To give one example of this confusion, here is what Dale Johannesen said:
  "the standard consistently talks about the type of the object,
  not the type of the lvalue, when describing volatile."
And here is what N1124 [6.3.2.1/1] says:
  "When an object is said to have a particular type, the type is
   specified by the lvalue used to designate the object."
See my point?

I admit to earning my language lawyer diploma on languages other than C, but the
evidence in comment 9 seems very firm to me. Does anyone see any flaw in it? If
not, then shouldn't this bug be reopened?
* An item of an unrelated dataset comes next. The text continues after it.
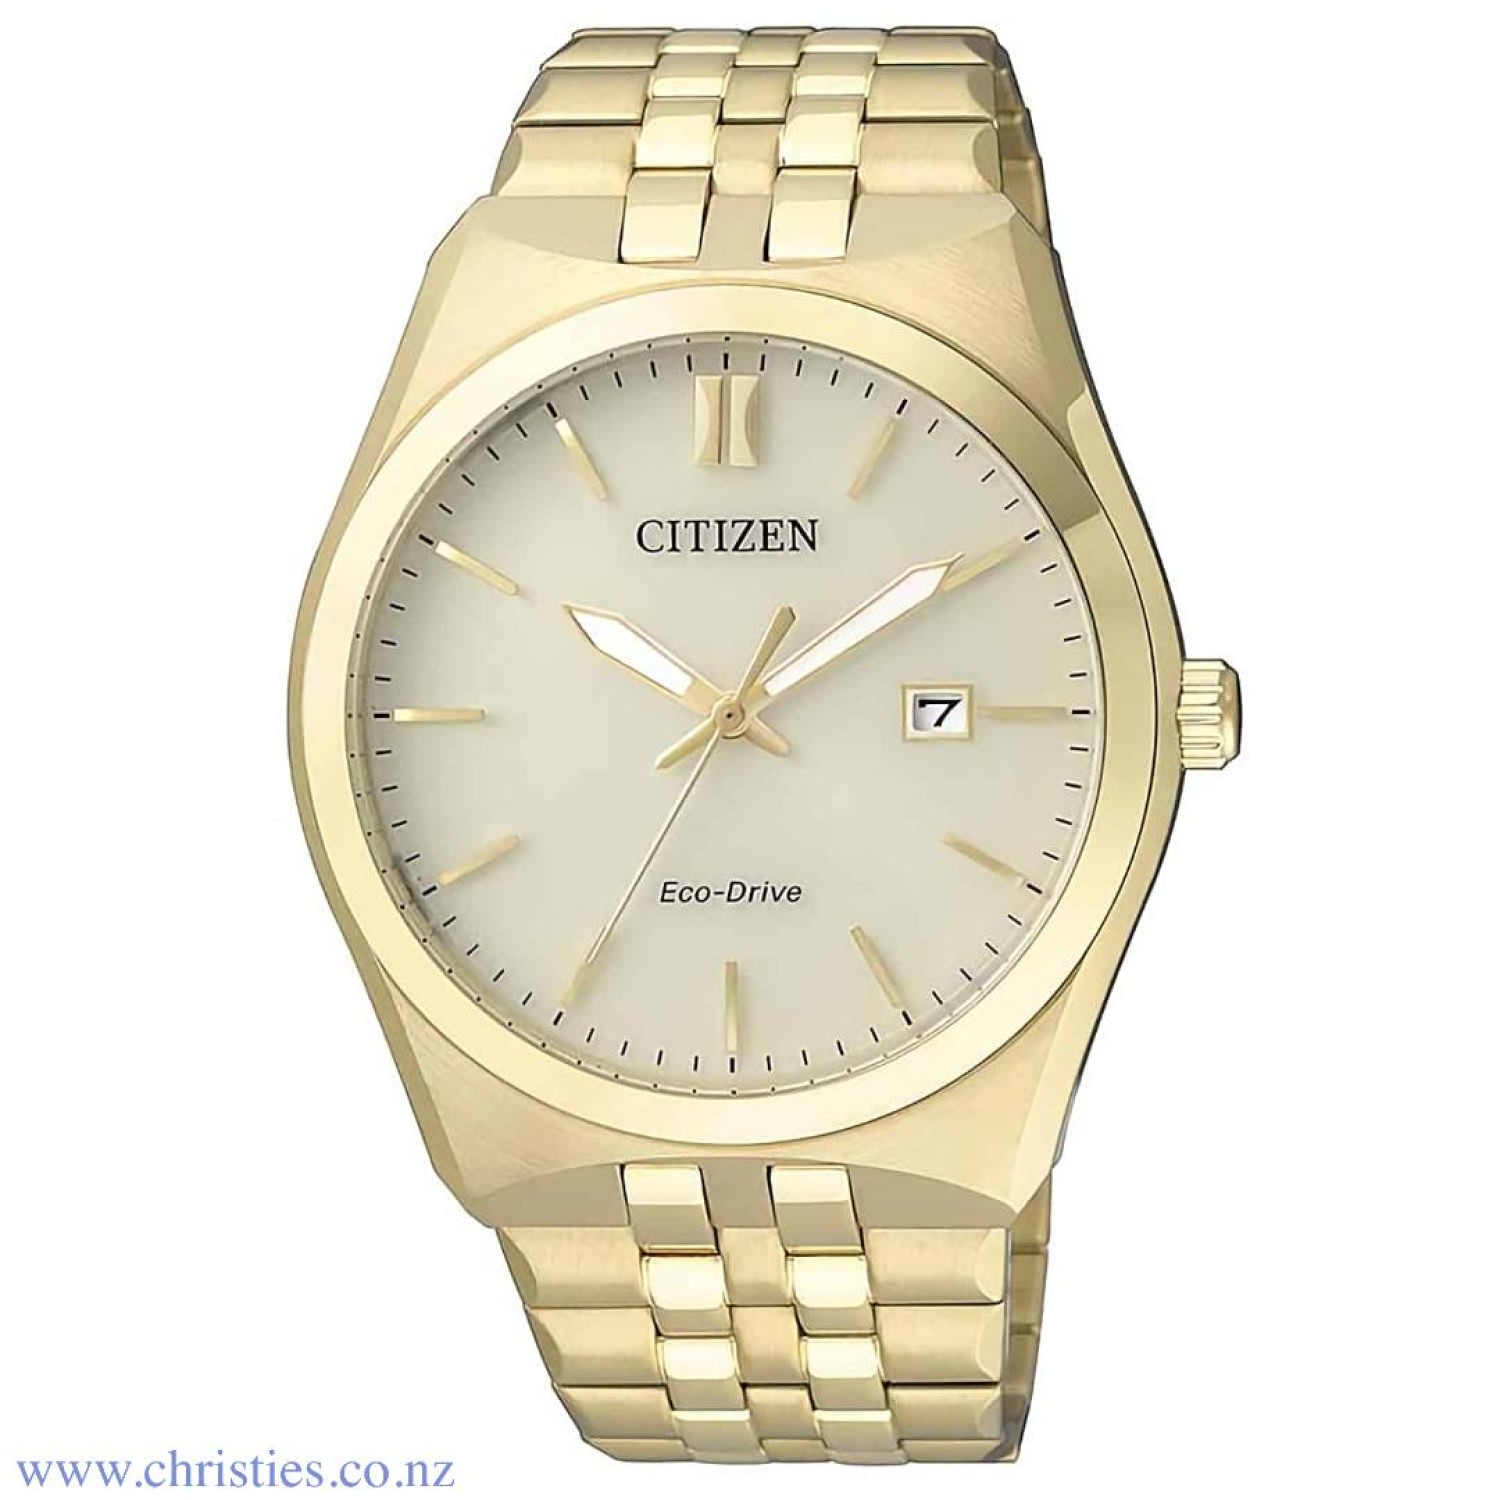 BM7332-61P CITIZEN Eco-Drive Watch. Classically styled with sophisticated performance features, this carefully designed watch was created to maintain a refined look while standing up to the challenges generated by an active lifestyle. Eco-Drive gives this

Hey, we should be *happy* that we found a standard-compliance excluse to fix the
code-breaking regression and make those casts work like everybody wanted!
Comment 11 Paul Schlie 2005-07-03 17:33:18 UTC
(In reply to comment #10)
> Hey, we should be *happy* that we found a standard-compliance excluse to fix the
> code-breaking regression and make those casts work like everybody wanted!

- I couldn't more strongly agree.
Comment 12 gcc2eran 2005-07-06 18:42:21 UTC
Correction of typo in comment 9: the related PR referenced is PR 22278.
Comment 13 wilson@specifix.com 2005-07-08 00:41:01 UTC
Subject: Re:  [4.0/4.1 regression] Casts in folding
 *& omitted

gcc2eran at tromer dot org wrote:
> And here is what N1124 [6.3.2.1/1] says:
>   "When an object is said to have a particular type, the type is
>    specified by the lvalue used to designate the object."
> See my point?

In the C99 standard, 6.5.4 Cast Operators, Footnote 85 "A cast does not 
yield an lvalue.  Thus, a cast to a qualified type has the same effect 
as a cast to the unqualified version of the type."
Comment 14 gcc2eran 2005-07-08 09:18:34 UTC
(In reply to comment #13)
> In the C99 standard, 6.5.4 Cast Operators, Footnote 85 "A cast does not 
> yield an lvalue.  Thus, a cast to a qualified type has the same effect 
> as a cast to the unqualified version of the type."

But the object being accessed is the one designated by *dereferencing* the cast
expression, and *that* is an lvalue. Quoting N1124:

"[6.5.3.2/4] The unary * operator denotes indirection. If the operand [...]
points to an object, the result is an lvalue designating the
object. If the operand has type ‘‘pointer to type’’, the result has type
‘‘type’’."

And of course:

"[6.5.4/2] Preceding an expression by a parenthesized type name converts the
value of the expression to the named type. [...]"

I think this answers the first half of your quote (i.e., footnote 86), but I'm
not sure what to make of the second half, especially in light of the "Thus".